Information shown:
※

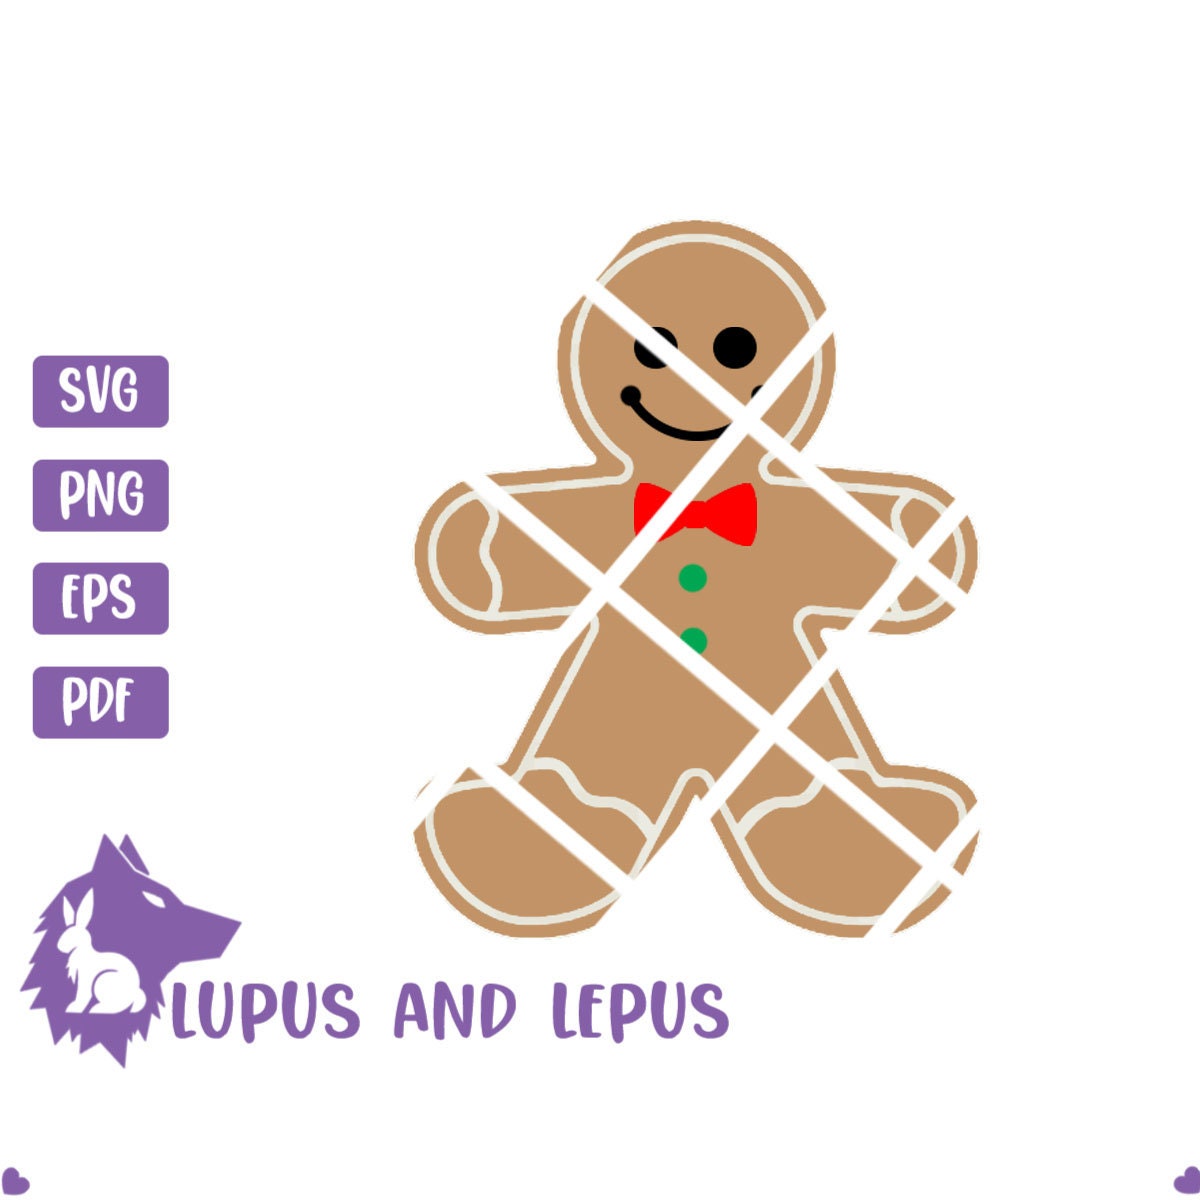 Digital File - Gingerbread Man SVG File, Christmas SVG, gingerbread svg, ginger bread svg, holiday svg, cricut (eps, svg, pdf, png, jpeg)
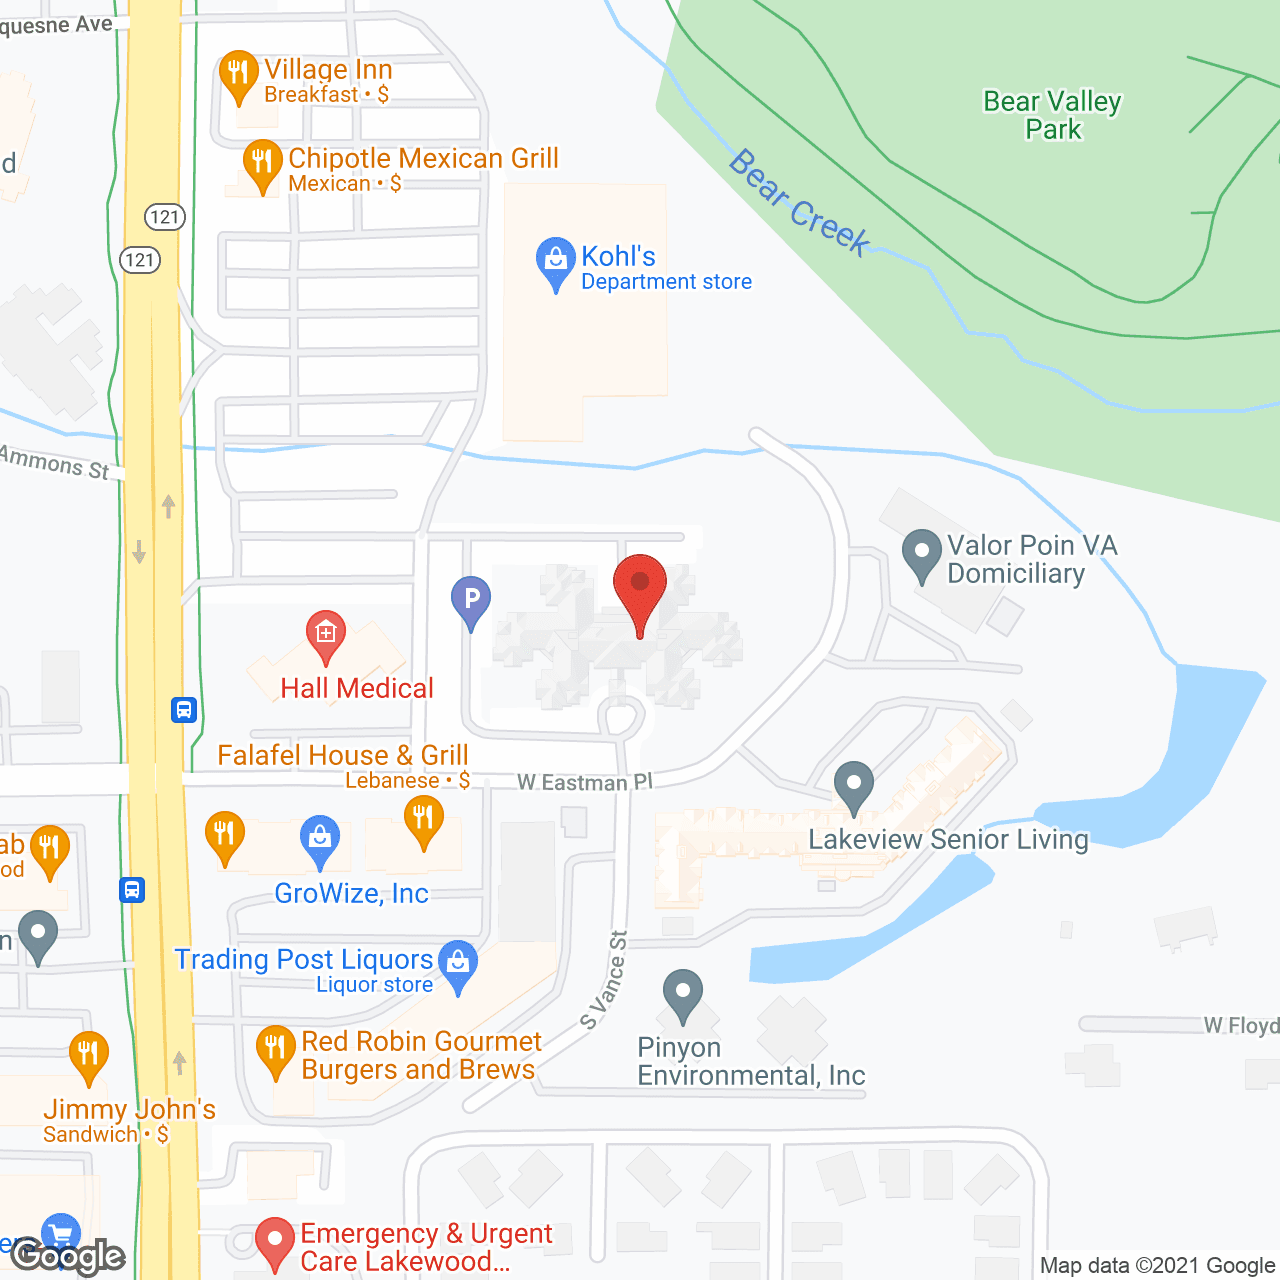 ProMedica Lakewood in google map
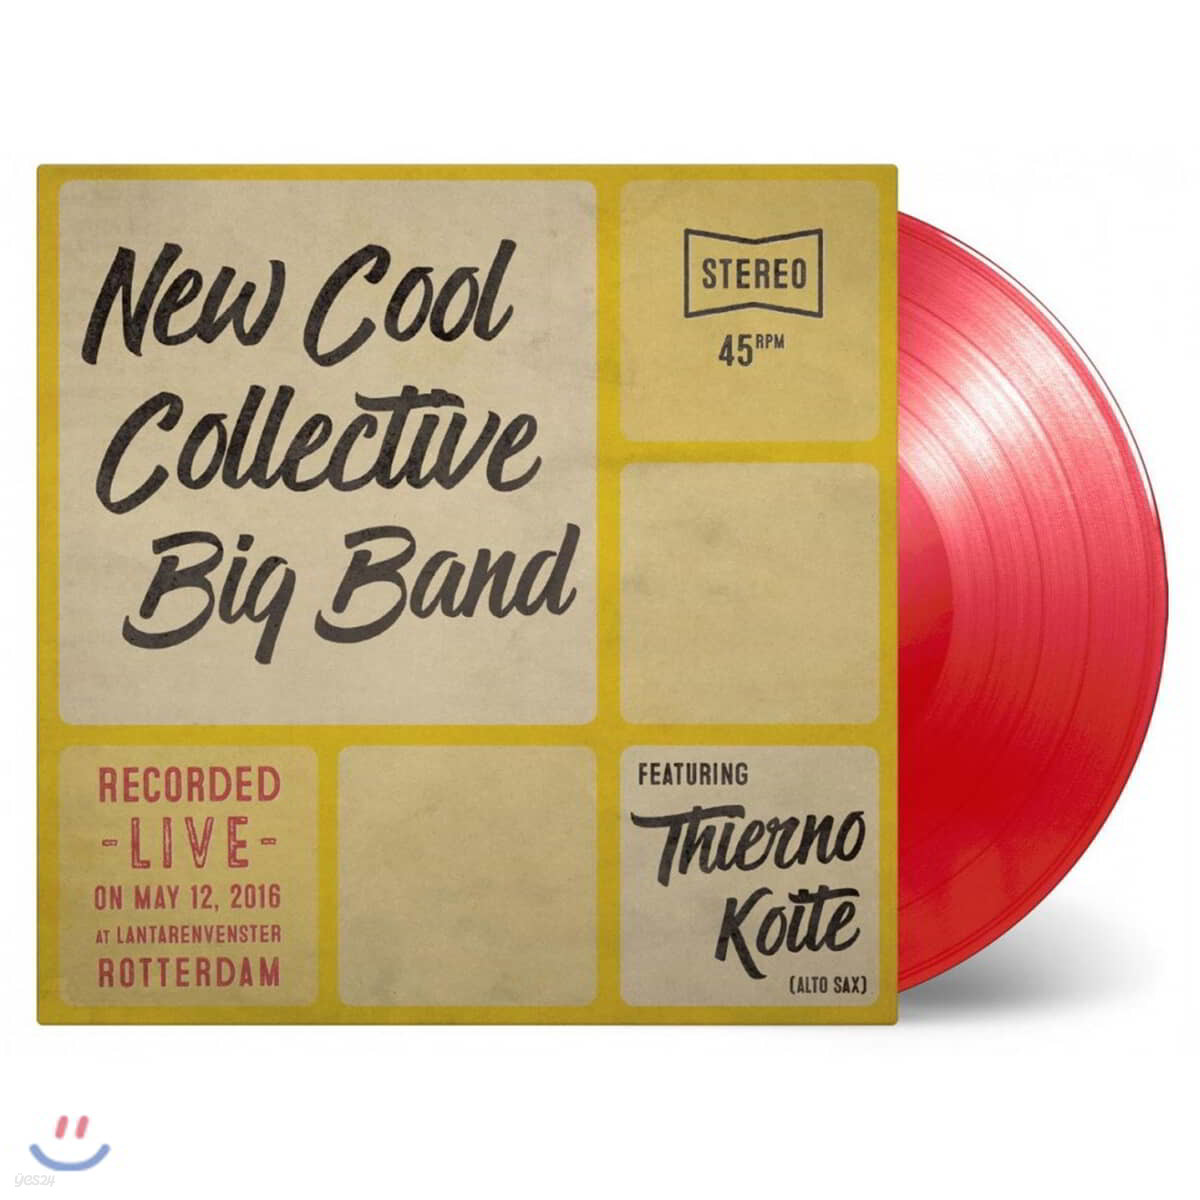 New Cool Collective Big Band & Thierno Koite (뉴 쿨 콜렉티브 빅 밴드 & 티에르노 코이테) - Yassa / Myster Tier [7인치 레드 컬러 LP]

※

To do:
What you return must match the material above exactly, minus its pictures.

Result of this task:
 Digital File - Gingerbread Man SVG File, Christmas SVG, gingerbread svg, ginger bread svg, holiday svg, cricut (eps, svg, pdf, png, jpeg)
 ProMedica Lakewood in google map
 New Cool Collective Big Band & Thierno Koite (뉴 쿨 콜렉티브 빅 밴드 & 티에르노 코이테) - Yassa / Myster Tier [7인치 레드 컬러 LP]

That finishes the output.